_Collected material_:
=====

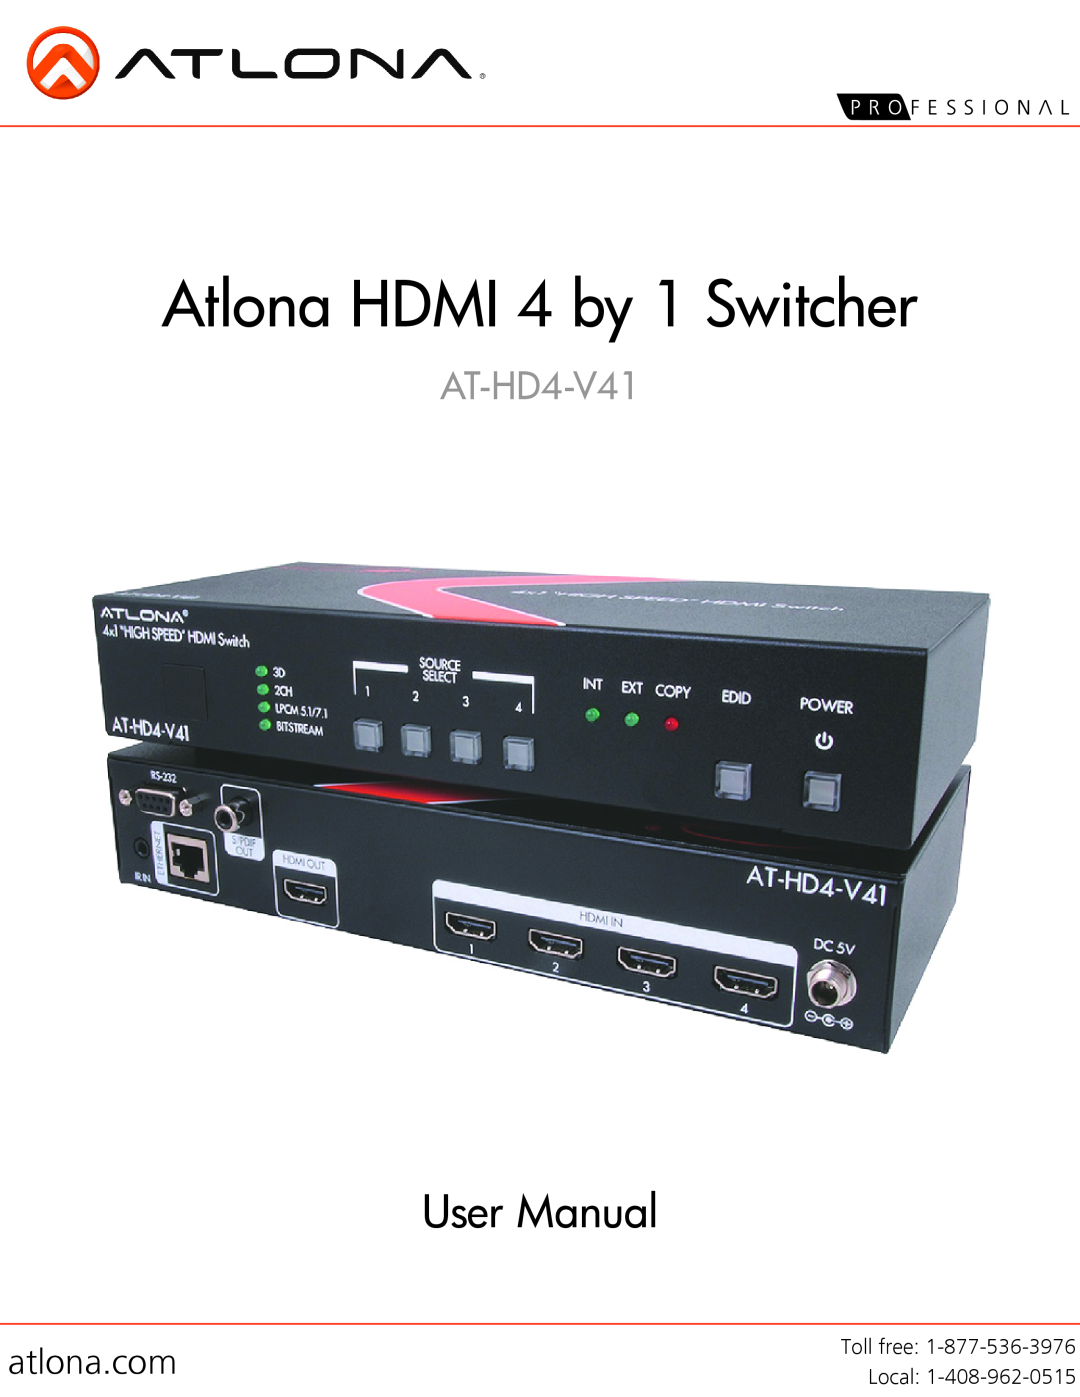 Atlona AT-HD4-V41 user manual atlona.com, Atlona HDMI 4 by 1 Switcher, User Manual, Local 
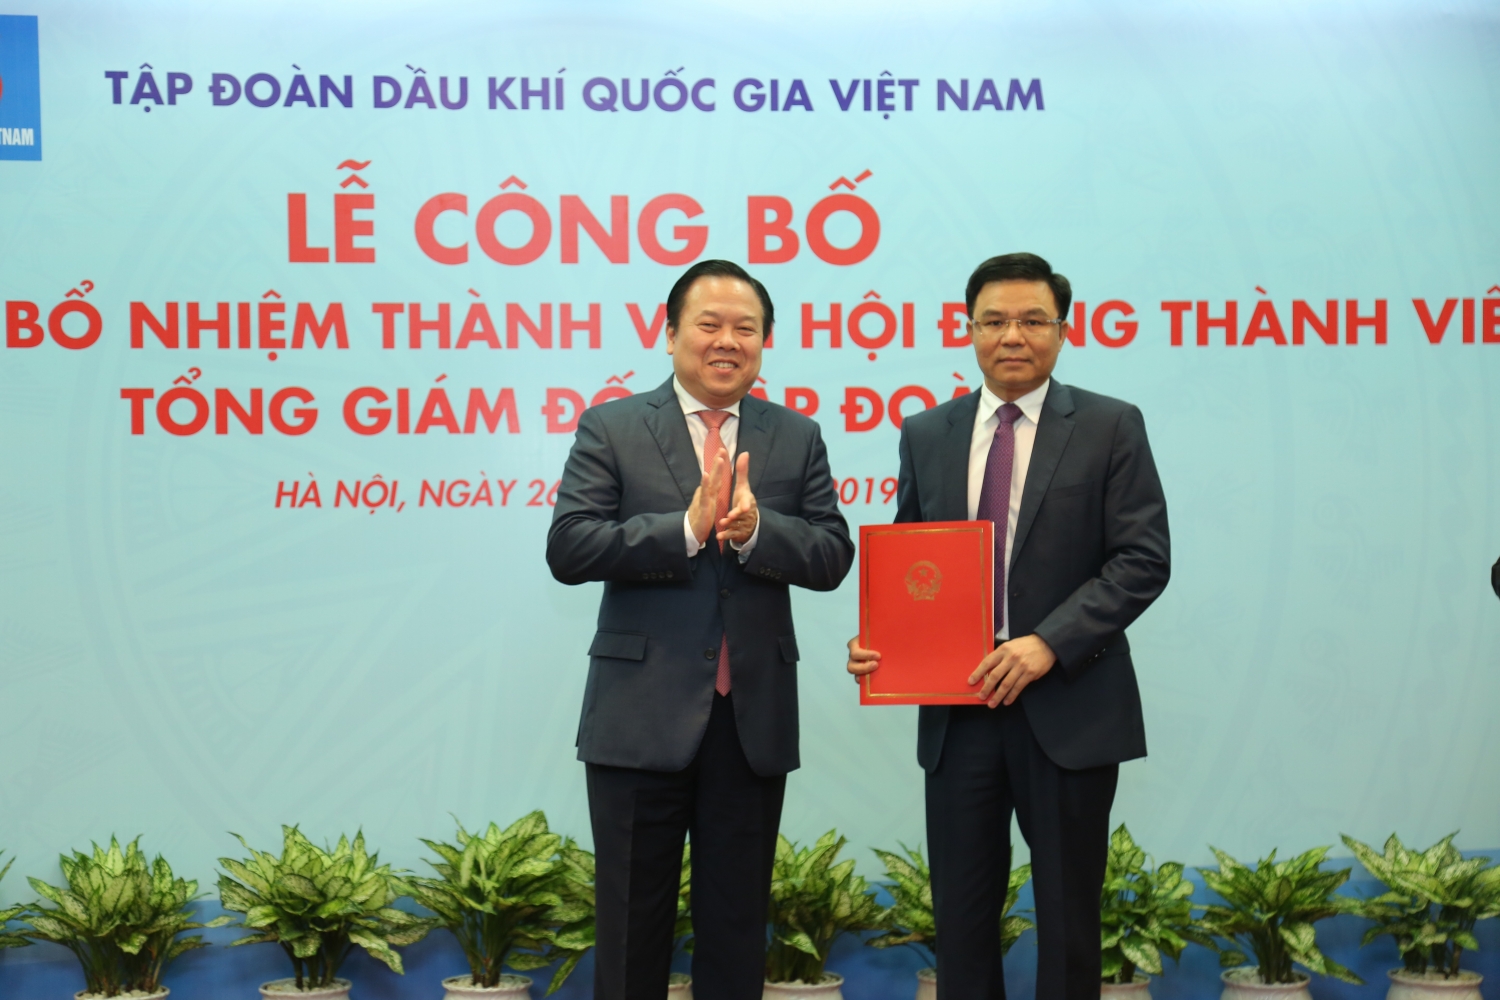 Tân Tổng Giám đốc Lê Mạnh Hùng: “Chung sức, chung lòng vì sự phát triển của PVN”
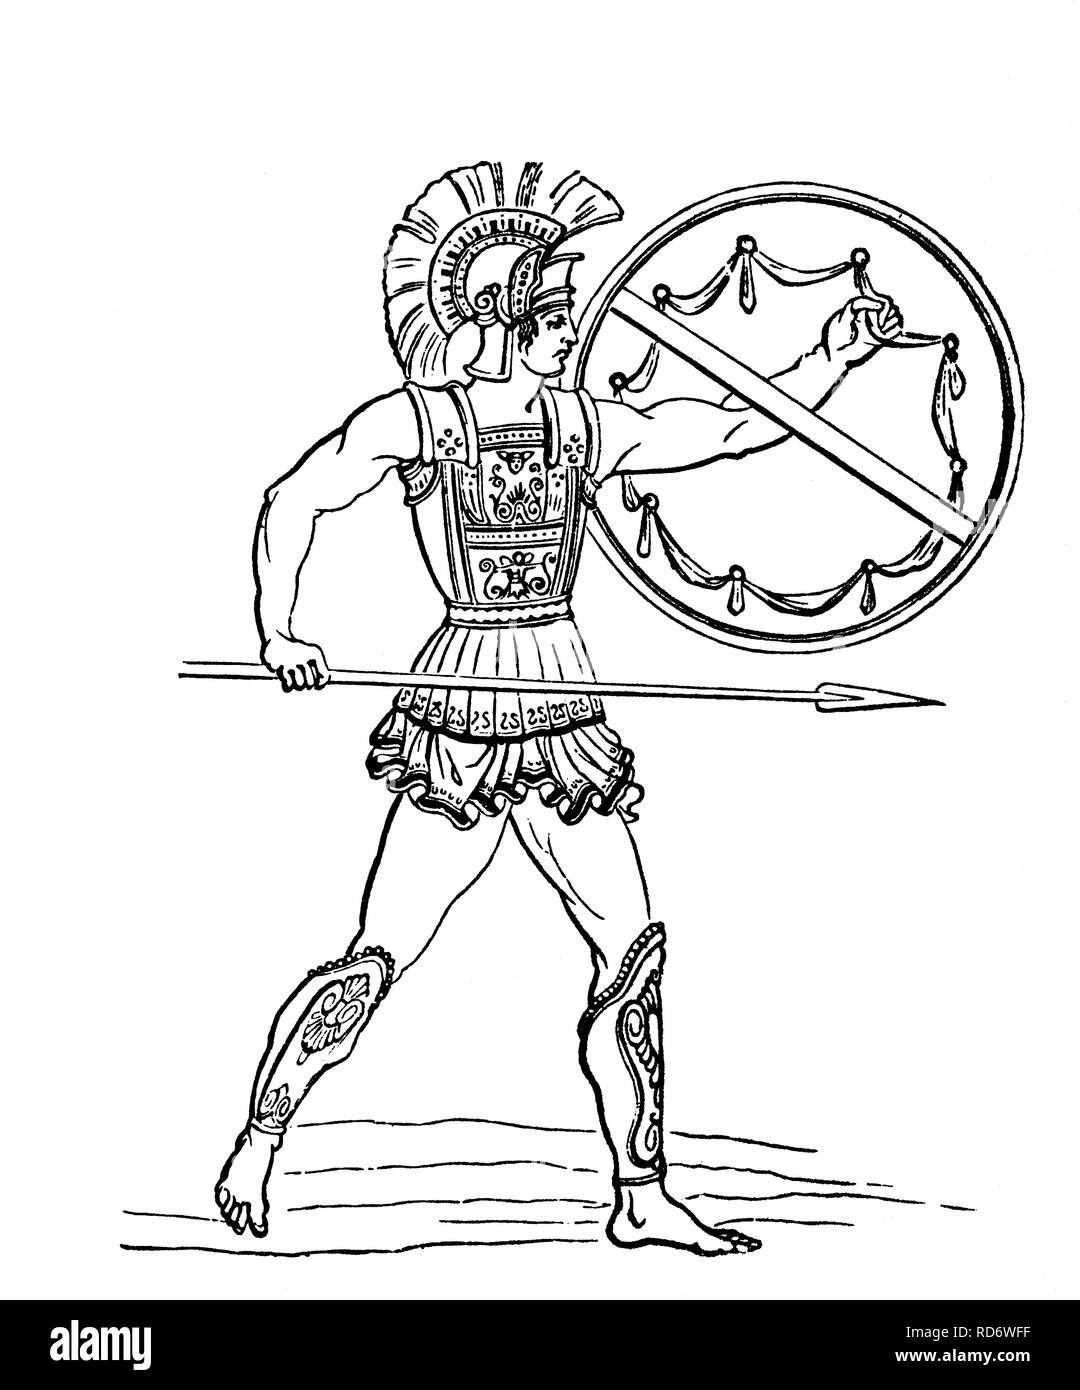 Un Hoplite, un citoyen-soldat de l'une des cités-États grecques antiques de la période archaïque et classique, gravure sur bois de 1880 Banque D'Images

=====

_Work required_: Could you please return each line of the material exactly, dropping the pictures?

_Written solution_:
 Atlona AT-HD4-V41 user manual atlona.com, Atlona HDMI 4 by 1 Switcher, User Manual, Local 
 Tân Tổng Giám đốc Lê Mạnh Hùng: “Chung sức, chung lòng vì sự phát triển của PVN”
 Un Hoplite, un citoyen-soldat de l'une des cités-États grecques antiques de la période archaïque et classique, gravure sur bois de 1880 Banque D'Images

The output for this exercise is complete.